I got this tree recently Cat Trees & Scratching Posts: Cat Tree Europa at zooplus, but my cat won't go anywhere near it!! Hopefully my new cat will. Still glad i got it though!


----------



## buffie (May 31, 2010)

All my cats have been house cats with the exception of Bumble my semi-feral cat who for the last years of his life lived in the house only going out to see if "his patch" was still there.Sadly in this day and age it is no longer safe for cats to wander at will.Fast cars,little cherubs with air guns with nothing better to do than take pot shots at animals and morons who think it is fun to torture animals in the name of"sport"have been the cause of death for many loved cats.
On the other side of the coin I dont think it is right for the cat to inflict death on wildlife either.At this time of year many baby birds die if not through nest raiding then they die of starvation because there parents have been killed.Sorry this has become a bit if a rant but once I started I had to finish,I dont think cats suffer by being house cats at all but it does need a lot of input from their humans but hey its good for you crawling about looking for lost pingpong balls and upending furniture because your little darlings are sure
the mouse they cant live without is underneath.:thumbup:


----------



## tordis (Nov 10, 2009)

The indoor vs outdoor debate is an old one and I think it's all a matter of personal preference. My opinion is, if you live in a busy street or in a flat, it's safer and more reasonable for the cat to stay in. I don't think it's cruel, as long as you provide the cat with plenty of toys, places to climb and hide in or, ideally, a feline companion to play with.


----------



## Waterlily (Apr 18, 2010)

My four are indoors, they are safer and dont get into fights etc. They are happy as larry Lo.


----------



## jo1234 (Mar 4, 2010)

I live in a flat and have no problems with my cat.

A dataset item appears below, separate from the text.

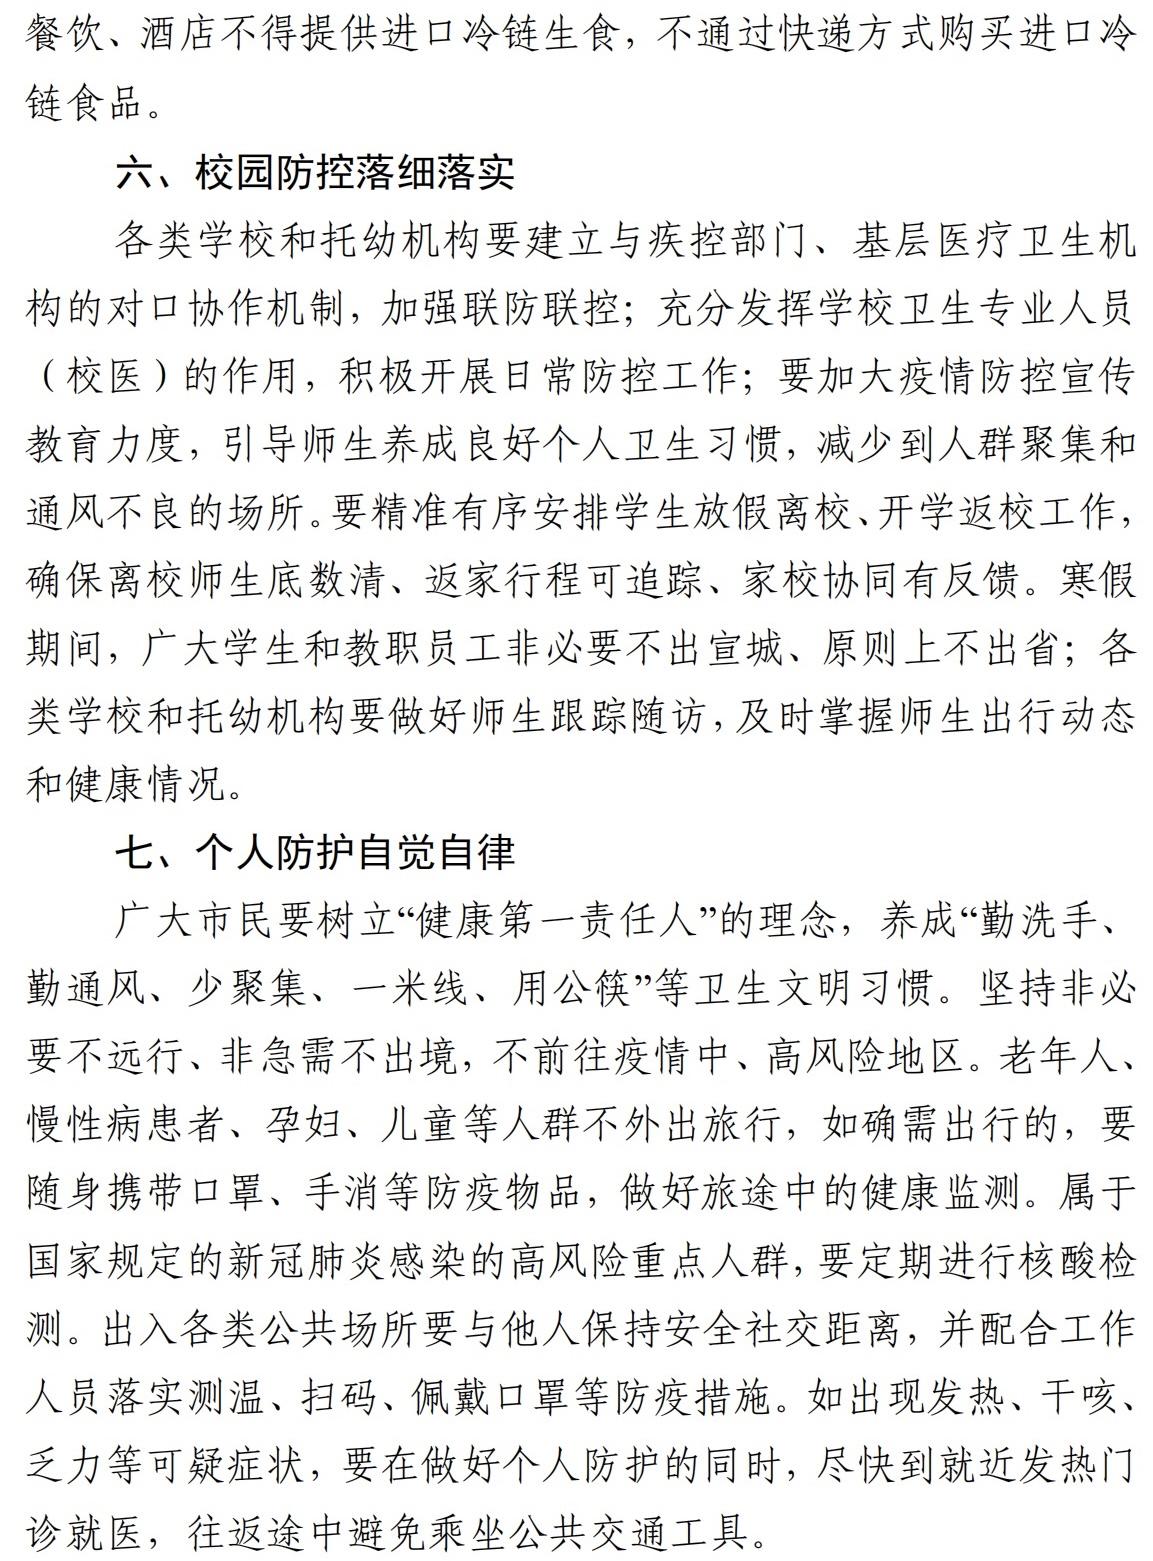 关于春节期间新冠疫情防控工作的通告 - 宁国论坛 - 4.jpg

It's a spacious flat so there's lots of room for running around and has loads of toys to keep him occupied.
I live in quite a busy area so it wouldn't be safe to let him out anyway and to be honest even if I did live somewhere quiet I would still be reluctant to let him out incase he got lost/stolen/run over...


----------



## lillylove (May 4, 2010)

I live in a flat and walk my cat on a harness now but I think I will be keeping her as an indoor cat.


----------



## loopyloulancs (Jun 12, 2010)

Thanks for the great advice! Im looking at a rescue cat as there seems to be so many that need homes. Does anyone have any problems with leaving windows open? Mine open outwards, do most people get guards?


----------



## fire-siamesekitty (Jun 8, 2010)

I wouldnt risk it to be honest lol my mate has 3cats in her flat and they seem ok.:thumbup:


----------



## tordis (Nov 10, 2009)

I leave the windows open for the day, but they only open a little, at the top, so Loki can't squeeze in, but if your windows open wide and could be used to escape, then getting guards would be a good idea. I reckon the rescue might even ask you to do so.


----------



## helga2205 (Jun 27, 2010)

my cat lives in my flat, but sometimes he goes outdoor. and no problem!!


----------



## buffie (May 31, 2010)

Cats and open windows not a great mix.I know there are gaurds that you can buy to fit over windows I dont know much about them personally but there are those reading this that do.Word of warning re rescue cats if the cat has not been an indoor cat before it will probably not settle as one and would infact not be kind to try.Some rescue centres are "funny"about keeping cats indoors so be prepared you may have to look at a few centres before you find what you are looking for .Good luck and great that some homeless cat is about to have his/her luck change


----------



## Waterlily (Apr 18, 2010)

Dont ya have fly wire there we have it on every window and I have security mesh on mine keeps intruders out and cats and air in pmsl


----------



## kota (Jun 17, 2010)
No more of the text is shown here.